Over the past two weeks, Glenn Beck has waged a relentless assault on Van Jones, President Obama's green jobs czar. Beck's attacks and vitriol have become especially pronounced since Color of Change, the African-American issues organization Jones co-founded in 2005 (he left in 2007 to pursue other projects), began a highly successful boycott campaign that has resulted in 57 advertisers dropping Beck's program in just a matter of weeks.

But the content of Beck's case against Jones belies something deeper. For example, Beck has emphasized that Jones sported a Black Panther patch on his book bag when he arrived at Yale Law School, and has reduced some of his past civil rights work to nothing more than campaigns designed to free Mumia Abu-Jamal and his (exaggerated) participation in the Los Angeles riots after the Rodney King verdict. (Just watch his August 24 biography of Jones to see proof of that.) While Jones' past is undoubtedly steeped in African-American issues, he was brought into the Obama administration to focus on green jobs -- pure and simple. And yet, for Beck, the focus is always directly or indirectly on Jones' race.

This is entirely consistent with Beck's mindset. Beck is obsessed with race and seems deeply uncomfortable with minority Americans in general, especially those in positions of power. In February, he pushed the idea that Mexican immigrants want to "reclaim" California and Texas.
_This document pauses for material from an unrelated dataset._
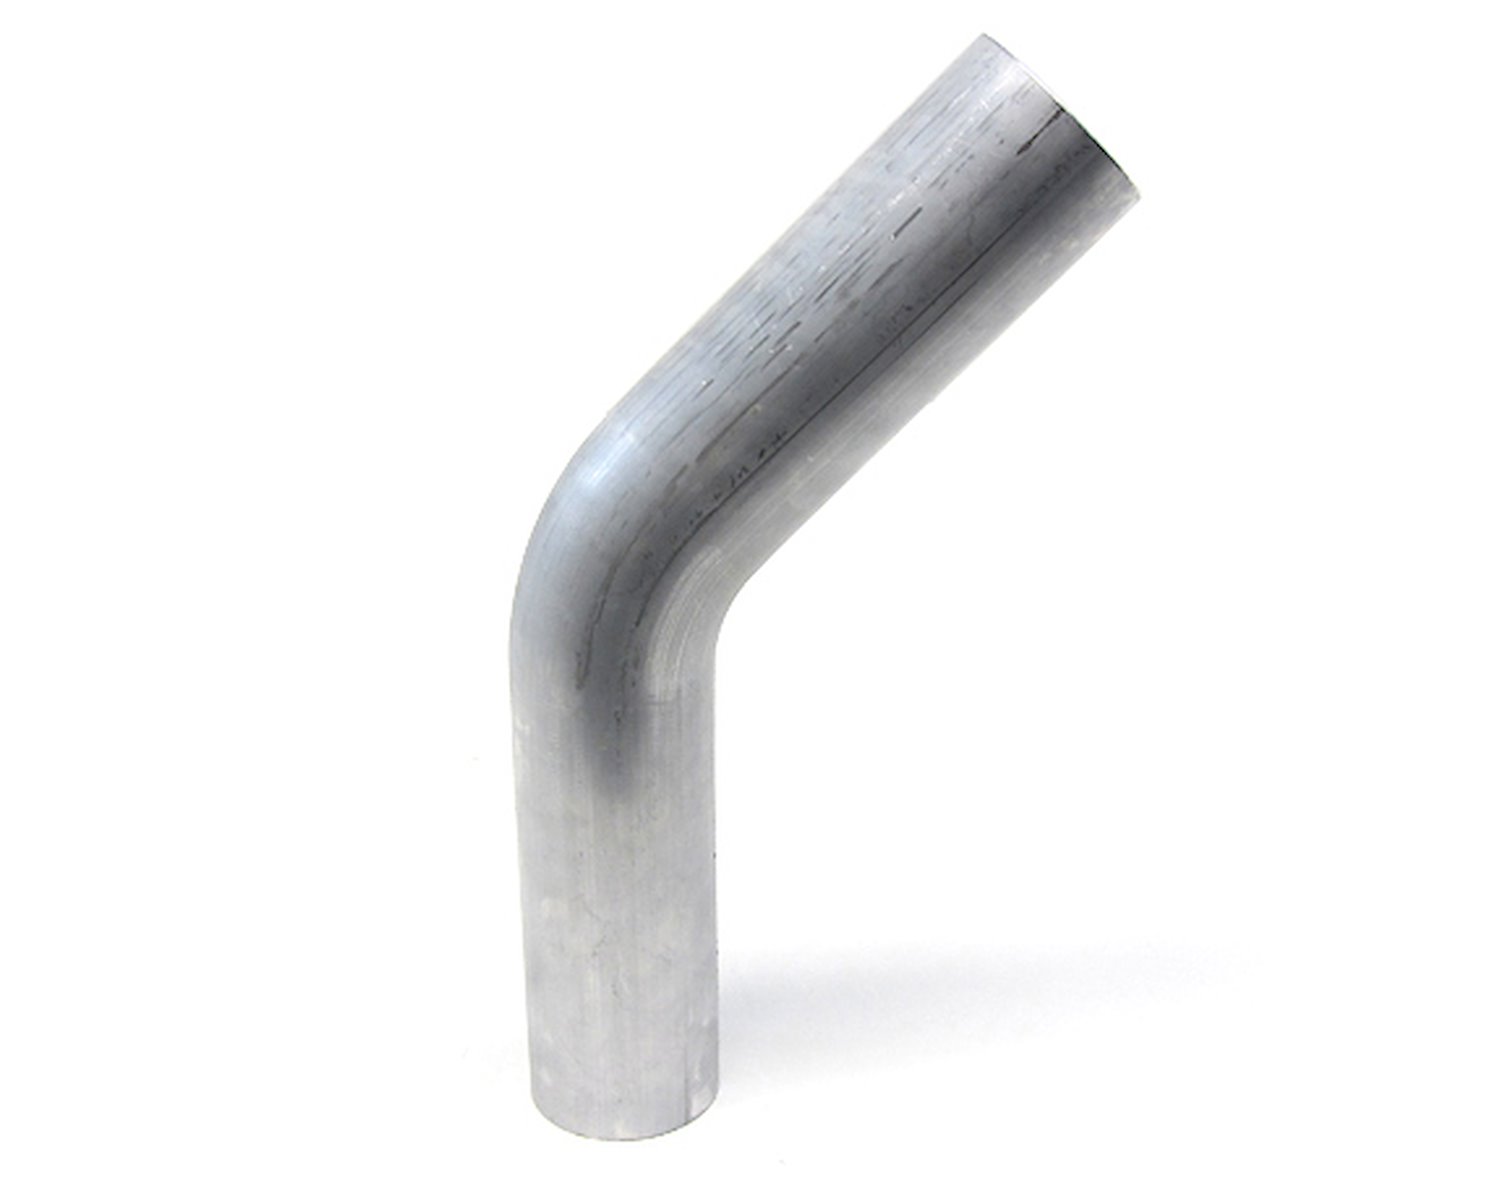 AT45-225-CLR-225 Aluminum Elbow Tube, 6061 Aluminum, 45-Degree Bend Elbow Tubing, 2-1/4 in. OD, Tight Radius, 2-1/4 in. CLR

In May, he called Sonia Sotomayor a "racist" on at least three separate occasions, adding that she is "divisive" and "not that bright." He also once dismissively referred to her as "Hispanic chick lady" in an effort to belittle her credentials and portray her as a pure affirmative action pick. (In case you were wondering, affirmative action also qualifies as racism in Beck's book.)

Revealingly, Beck is convinced that ACORN, the activist organization that focuses on minority issues, is seeking to overturn American society as we know it.

Regarding Obama, he has had immense difficulty seeing past the president's skin. He said Obama was elected because of race instead of his policies. He has portrayed the Democratic health care reform effort as "the beginning of reparations." And he has said that Obama plans to "settle old racial scores through new social justice." So it should have come as no surprise when Beck, who believes it is actually Obama, not himself, who "has real issues with race," said the president had "exposed himself as a guy" with "a deep-seated hatred for white people." The next day, he said, "I think the president is a racist." The Color of Change boycott started soon afterward.

It seems clear that to Glenn Beck, individuals like Barack Obama and Van Jones are African-American before they are anything else. And for him, that appears to be a major cause for concern.